On June 19, the Financial Times reported on signs that North Korea, due to “immense economic pressure from sanctions, increasingly depends on cash from cyber-based theft.” According to cybersecurity experts, North Korean leader Kim Jong Un’s regime
controls an army of thousands of hackers who bring in hundreds of millions of dollars annually . . . . With North Korea cut off from most trade with the outside world, the cash generated from illicit cyber-based activities is thought to have become a core revenue stream for Pyongyang and has now probably surpassed the value of sales of weapons and military services.
The reported increase in North Korean online crime “also marks the latest example of the Kim regime’s decades-long struggle to bring in cash to the country via unorthodox and illicit means, and follows reported cases of global insurance fraud and the production of counterfeit money and drugs.” For example, in 2018 the U.S. Department of Justice unsealed charges against “a North Korean citizen, Park Jin Hyok, a member of a conspiracy backed by the North Korean government that carried out numerous computer intrusions. Those charges alleged that the conspiracy utilized a strain of malware, ‘Brambul,’ which was also used to propagate” the Joanap botnet (i.e., “a global network of numerous infected computers under the control of North Korean hackers that was used to facilitate other malicious cyber activities”). Subsequently, the Department announced “an extensive effort to map and further disrupt, through victim notifications, the Joanap botnet.”
While the Financial Times cautioned that “[e]stimates vary as to exactly how much money North Korea now makes from any of its illicit activities,” the Department of Justice has alleged that Park and his coconspirators stole $81 million from Bangladesh Bank in 2016 and sought to steal at least $1 billion from financial institutions. A former U.S. National Security Agency analyst, Priscilla Moriuchi, stated that North Korean operatives “had proved to be ‘persistent, patient and skilled’. “There was an impression that these [banking hacking operations] were opportunistic targets. We can see they are decidedly not . . . .”

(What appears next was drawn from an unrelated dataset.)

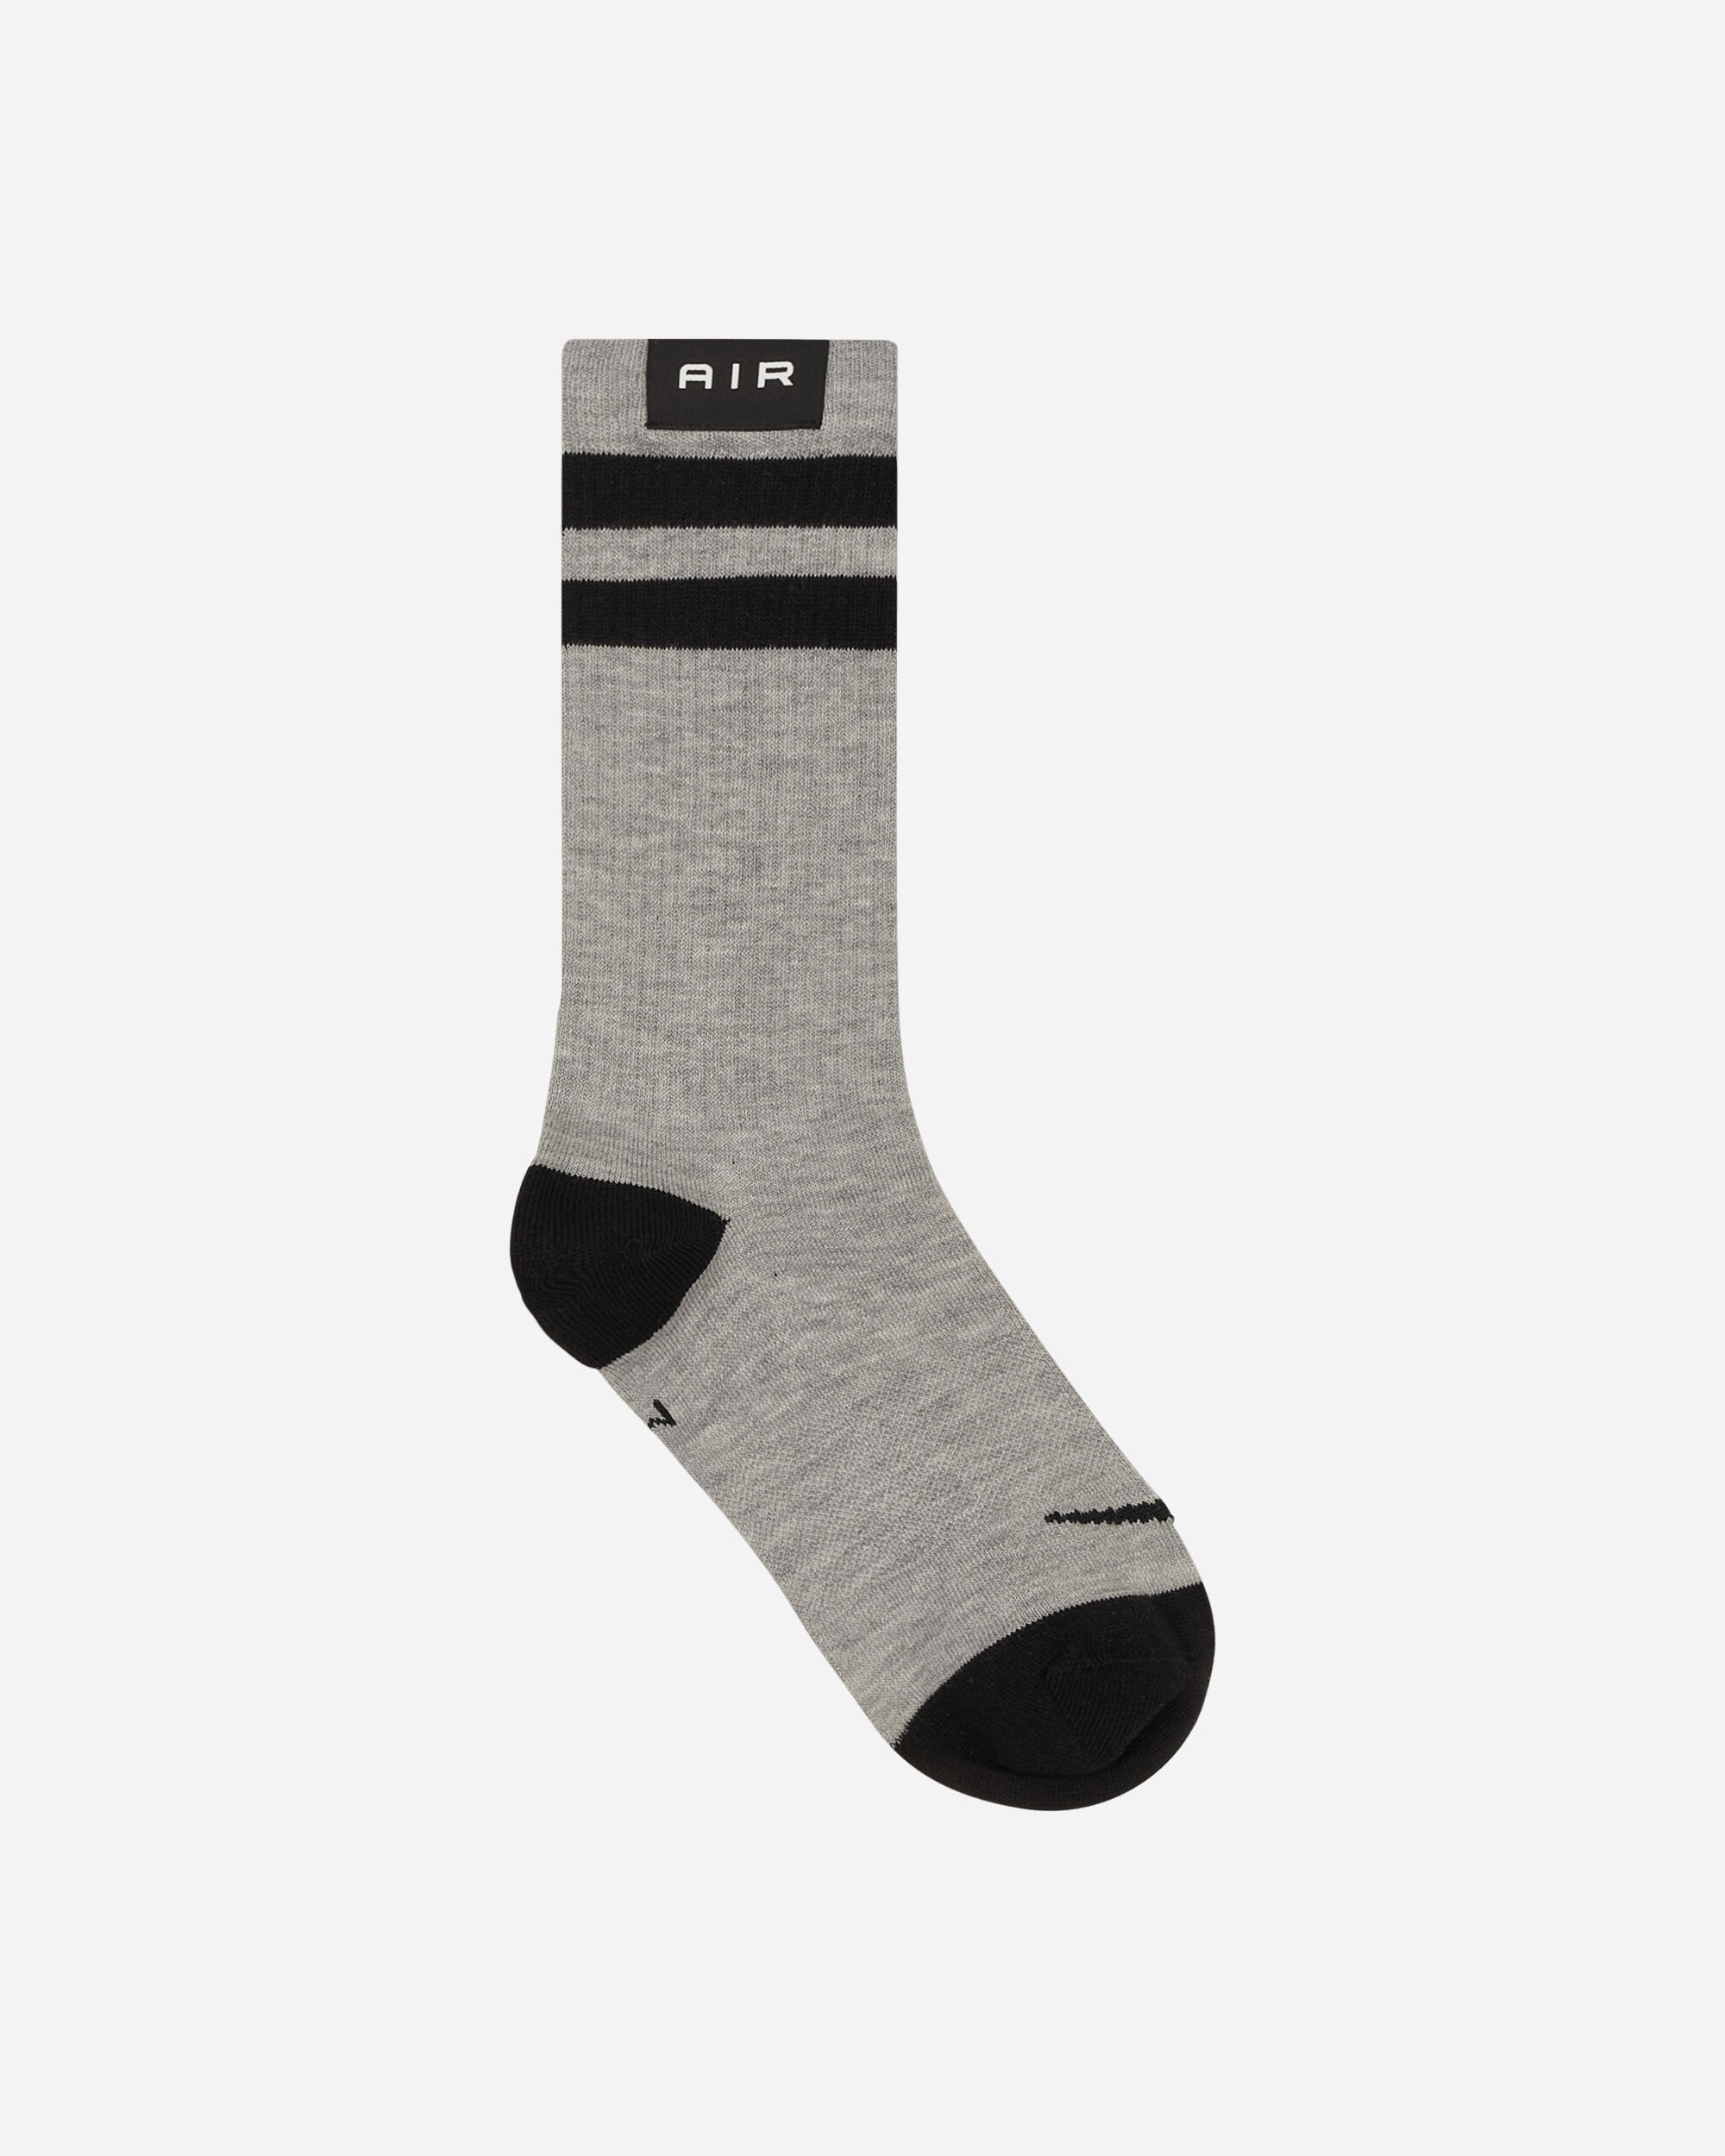 Everyday Essentials Crew Socks Multicolor Grey / Black - 4

In addition, the Financial Times reported that “[a]nalysts stressed it was difficult to pinpoint what happens to the stolen cash, cryptocurrencies or gaming credits. But, one expert said, there were signs stolen cryptocurrencies were quickly laundered through several different exchanges, making them ‘virtually untraceable’.”
Note: The increasing sophistication and persistence of these North Korean-authorized cybertheft operations — coupled with the efforts of sanctioned North Korean banks to use companies to launder funds on behalf of those banks – represent serious compliance challenges for the financial sector. Cybersecurity and compliance teams in financial firms should take this opportunity, if they have not done so recently, to review the capacity of their cybersecurity and AML programs to address these kinds of threats to their firms, and to seek additional funding if necessary from senior management.